25 April 2021

Monads, part two: Okay, I guess, but what is it for?

Monads are abstract machines

Hopefully, after reading parts zero and one of this series, you understand what the monad abstraction is and how bind works. What may not be so clear yet is why anyone would ever want to work with a monad. In other words, what can you do with a monad? More importantly, what can you do with a monad that you cannot do more easily without one? This is what I'm going to try and clarify in this post.

Broadly speaking, from a software engineering perspective, a monad lets you define an abstract machine that implements a different model of computation. That may not sound so clear, so let's quickly review our three examples from last week in that light:

  • The Maybe monad changes our model of computation to add short-circuiting.
  • The Logger monad adds debugging traces.
  • The Fiber monad adds parallel execution.

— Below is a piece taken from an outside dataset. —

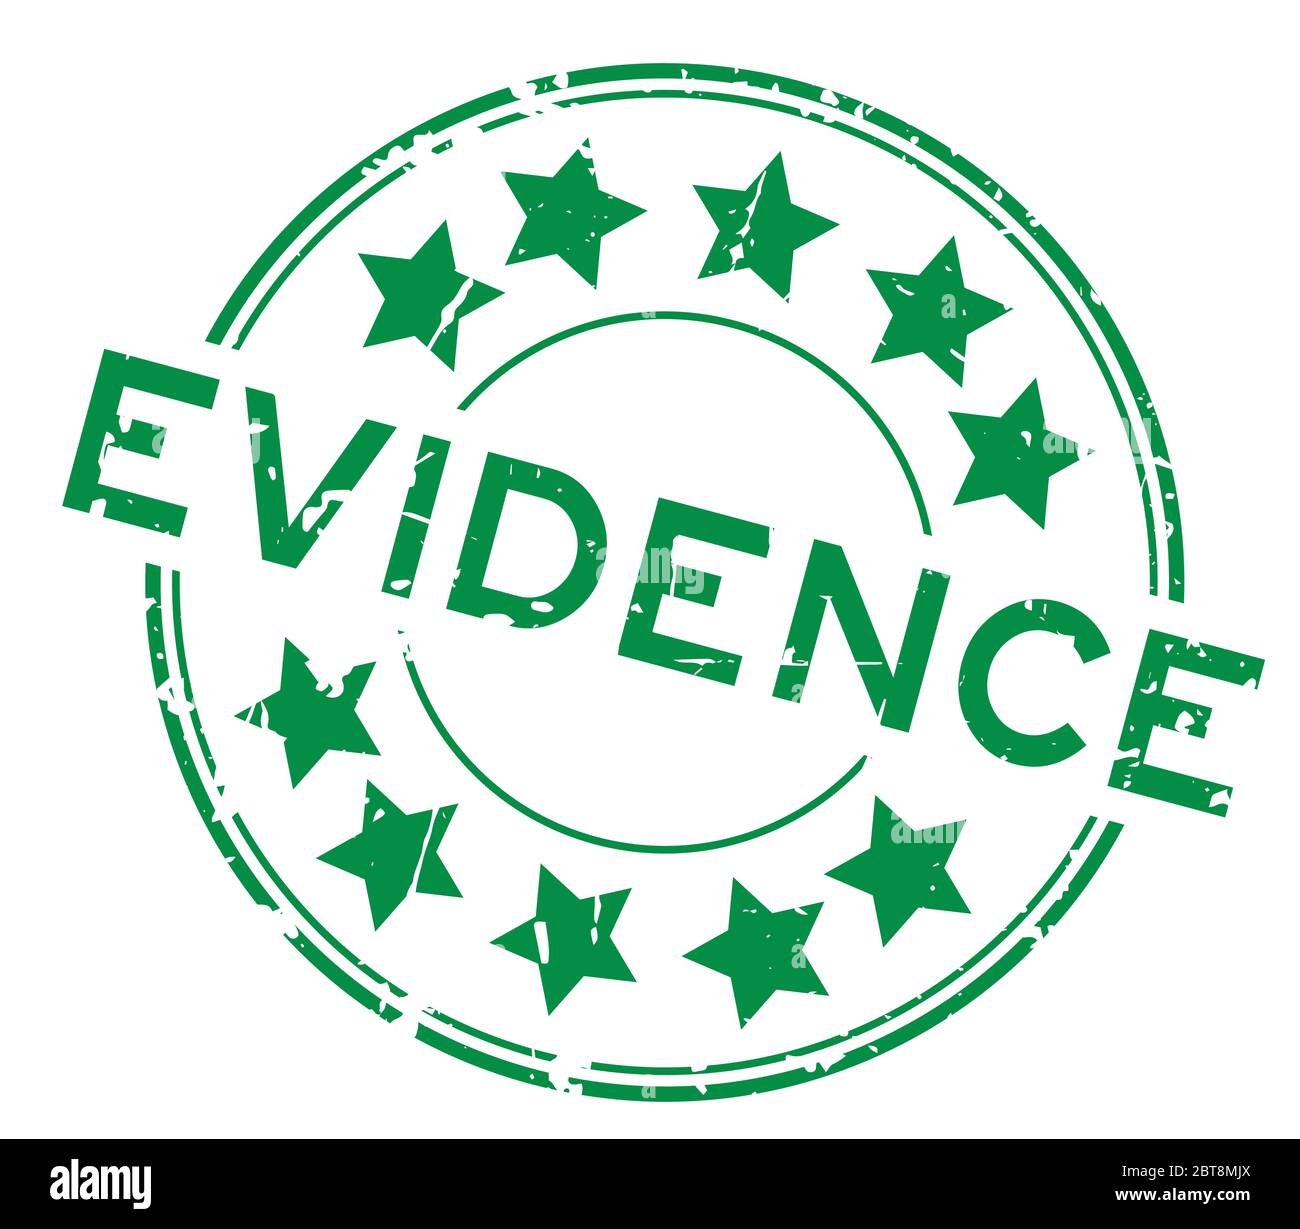 Grunge green evidence word with star icon round rubber seal stamp on white background Stock Vector

To drive this point home, let's briefly look at the State monad, which, as its name suggests, adds the notion of ambient mutable state:

import java.util.function.Function;

public final class State<S, A> {
    // Simple pair class to allow us to return two values.
    public static final class P<S, A> {
        public final S s;
        public final A a;
        private P(S s, A a) {
            this.s = s;
            this.a = a;
        }
        public String toString() {
            return "P[" + s + ", " + a + "]";
        }
    }

    // Internal function. Note that this is NOT the function users `bind`.
    private final Function<S, P<S, A>> run_state;

    // Private constructor so we control all the possible values for
    // `run_state` (`pure`, `get`, `put`).
    private State(Function<S, P<S, A>> run_state) {
        this.run_state = run_state;
    }

    public <B> State<S, B> bind(Function<A, State<S, B>> f) {
        return new State<>(s0 -> {
            P<S, A> p = this.run_state.apply(s0);
            return f.apply(p.a).run_state.apply(p.s);
        });
    }

    public static <S, A> State<S, A> pure(A a) {
        return new State<>(s -> new P<>(s, a));
    }

    public static <S> State<S, S> get() {
        return new State<>(s -> new P<>(s, s));
    }

    public static <S> State<S, Void> put(S new_state) {
        return new State<>(_s -> new P<>(new_state, null));
    }

    public static <S, A> P<S, A> run(State<S, A> m, S init) {
        return m.run_state.apply(init);
    }

    // -- end state monad abstraction, start example usage

    public static final class Stack {
        private final Integer head;
        private final Stack tail;
        public Stack(Integer h, Stack t) {
            this.head = h;
            this.tail = t;
        }
        public String toString() {
            Stack s = this.tail;
            StringBuilder sb = new StringBuilder();
            sb.append("Stack(" + this.head);
            while (s != null) {
                sb.append(", " + s.head);
                s = s.tail;
            }
            sb.append(")");
            return sb.toString();
        }
    }


    public static State<Stack, Void> push(Integer a) {
        return State.<Stack>get().bind(old_stack ->
               put(new Stack(a, old_stack)));
    }

    public static State<Stack, Integer> pop() {
        return State.<Stack>get().bind(old_stack ->
               put(old_stack.tail).bind(_1 ->
               pure(old_stack.head)));
    }

    public static void main(String[] args) {
        State<Stack, Void> stack_computation =
            pop()      .bind(a ->
            pop()      .bind(b ->
            push(a + b)));

        Stack init_1 = new Stack(10, new Stack(20, null));
        Stack init_2 = new Stack(13, new Stack(256, null));

        System.out.println(run(stack_computation, init_1));
        System.out.println(run(stack_computation, init_2));
    }
}

The important points about that code sample are that:

  1. There is not a single mutation in there (ignoring the StringBuilder part), and yet
  2. The stack operations sure look like they mutate some global state.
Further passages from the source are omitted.